**Given information**
[Start of section]
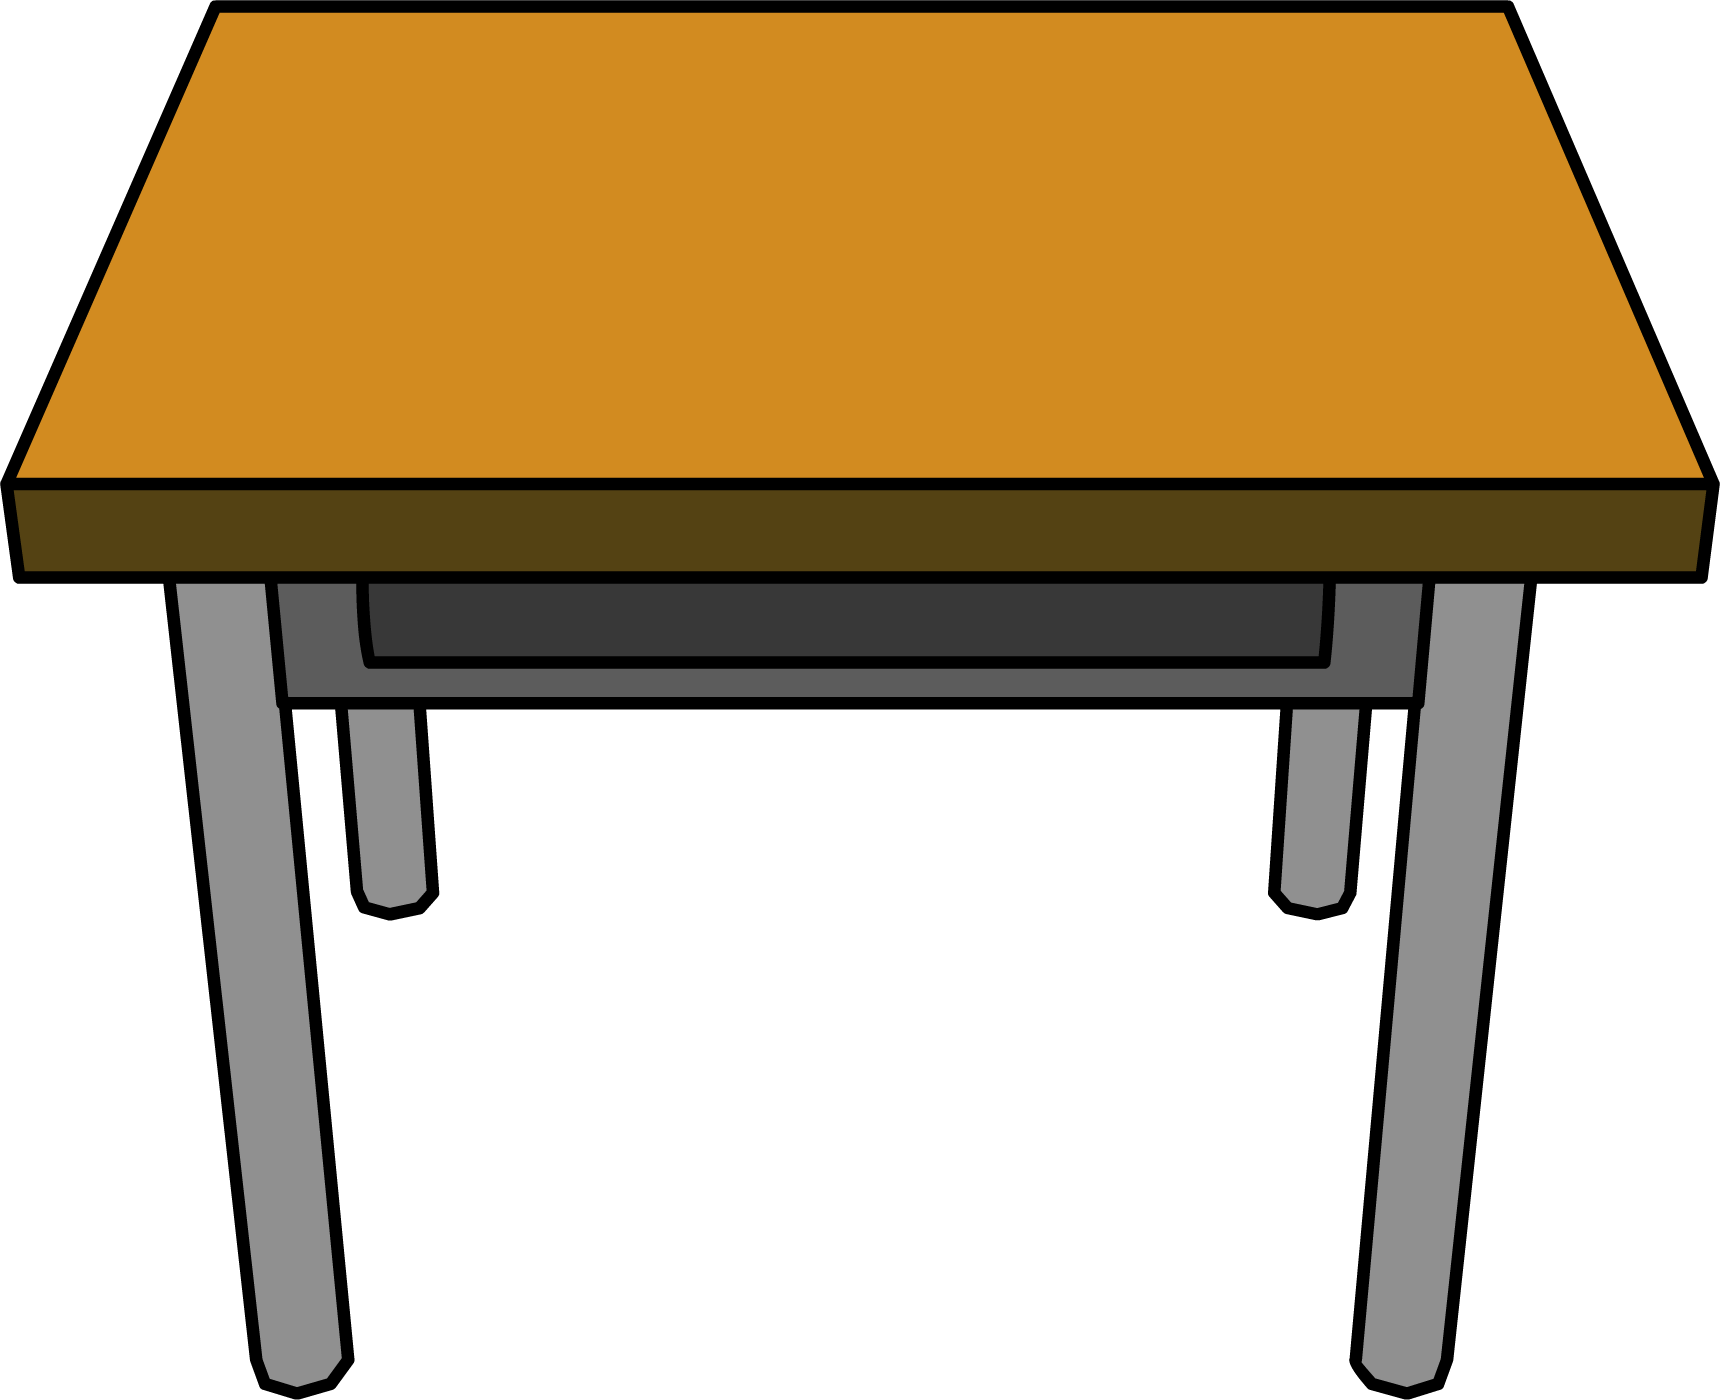 Classroom Desk | Club Penguin Wiki | FANDOM powered by Wikia
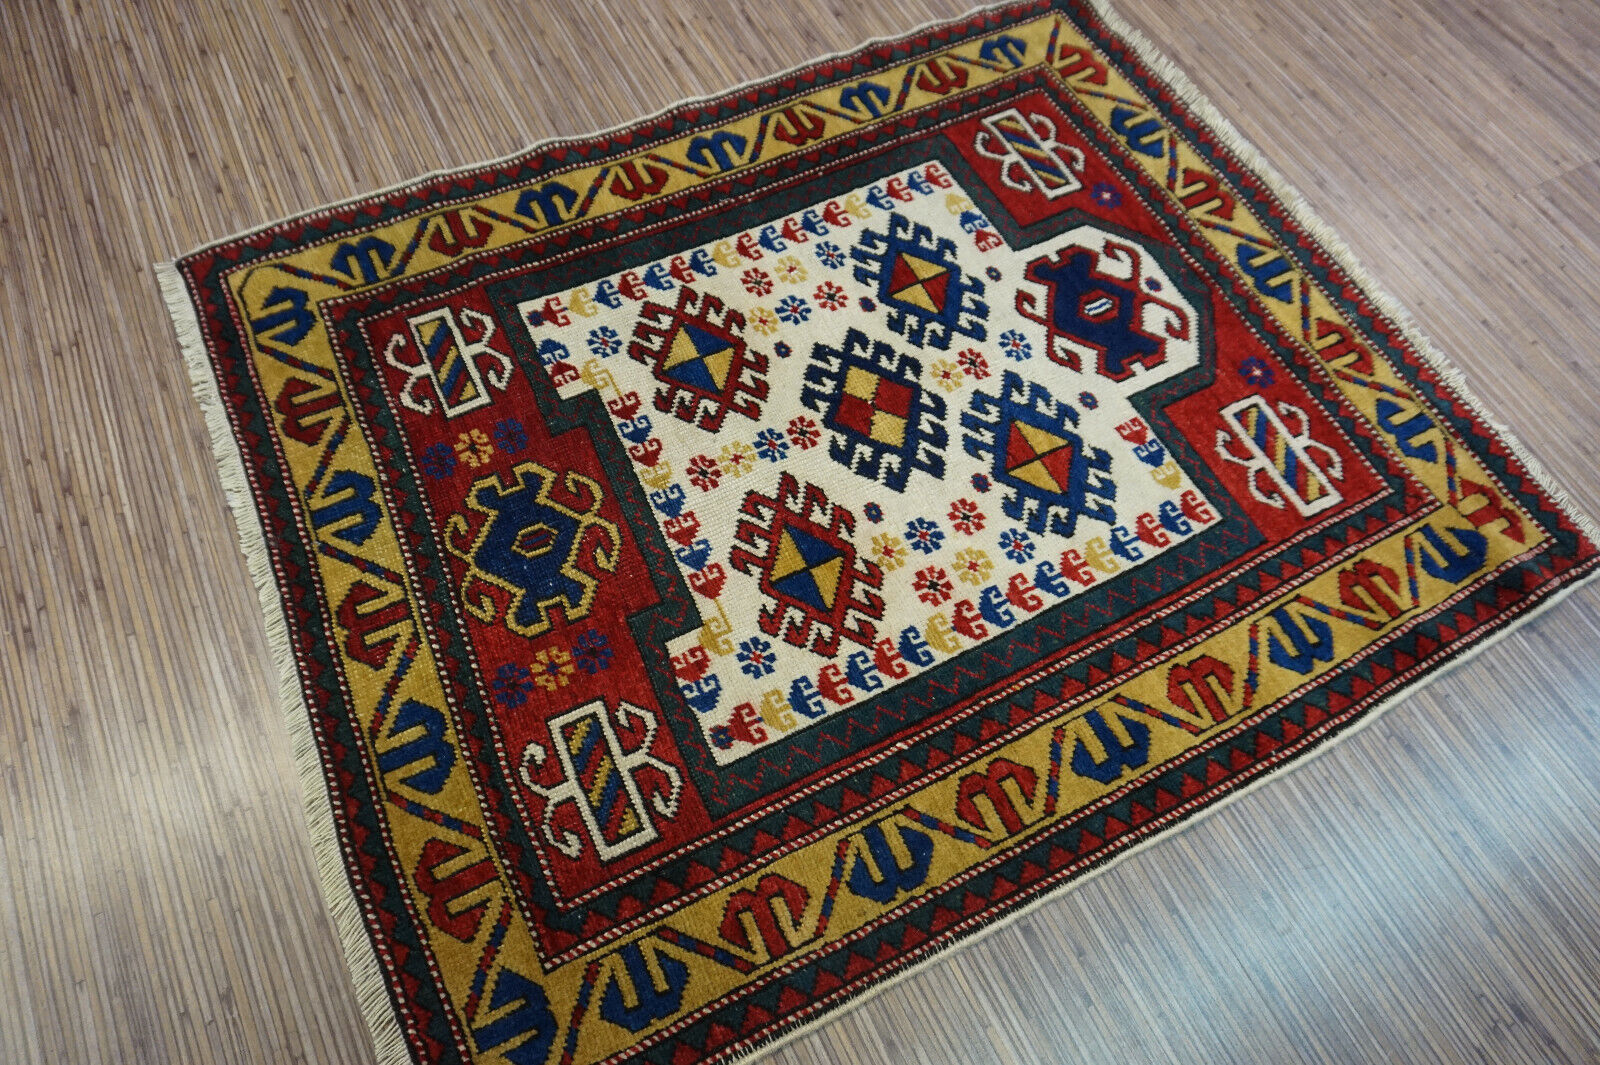 Angled shot of the Handmade Antique Caucasian Kazak Prayer Rug complementing interior decor
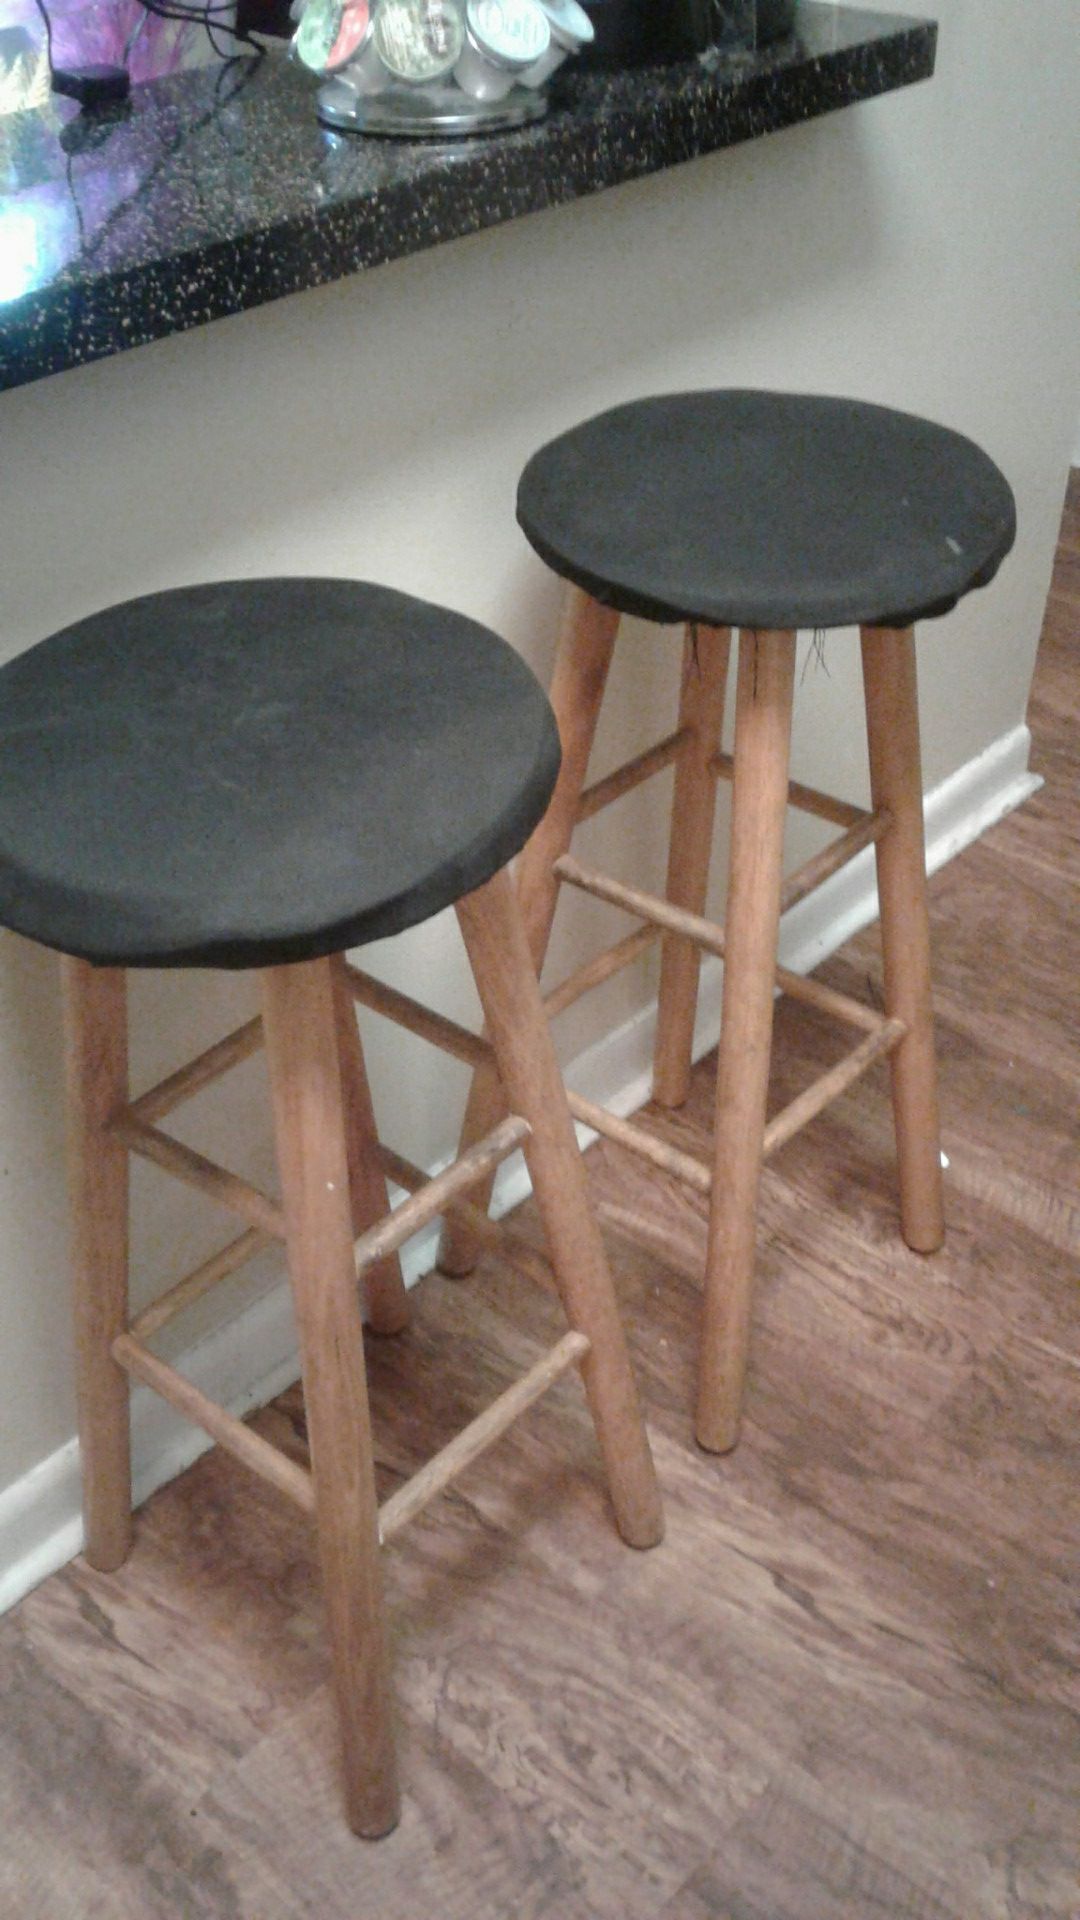 2 wooden stools $10
[End of section]
**Task details**
Output only the lines that run from the line containing "Angled shot of" to the last line of the data, exactly as they stand and without pictures.

**Problem solution**
 Angled shot of the Handmade Antique Caucasian Kazak Prayer Rug complementing interior decor
 2 wooden stools $10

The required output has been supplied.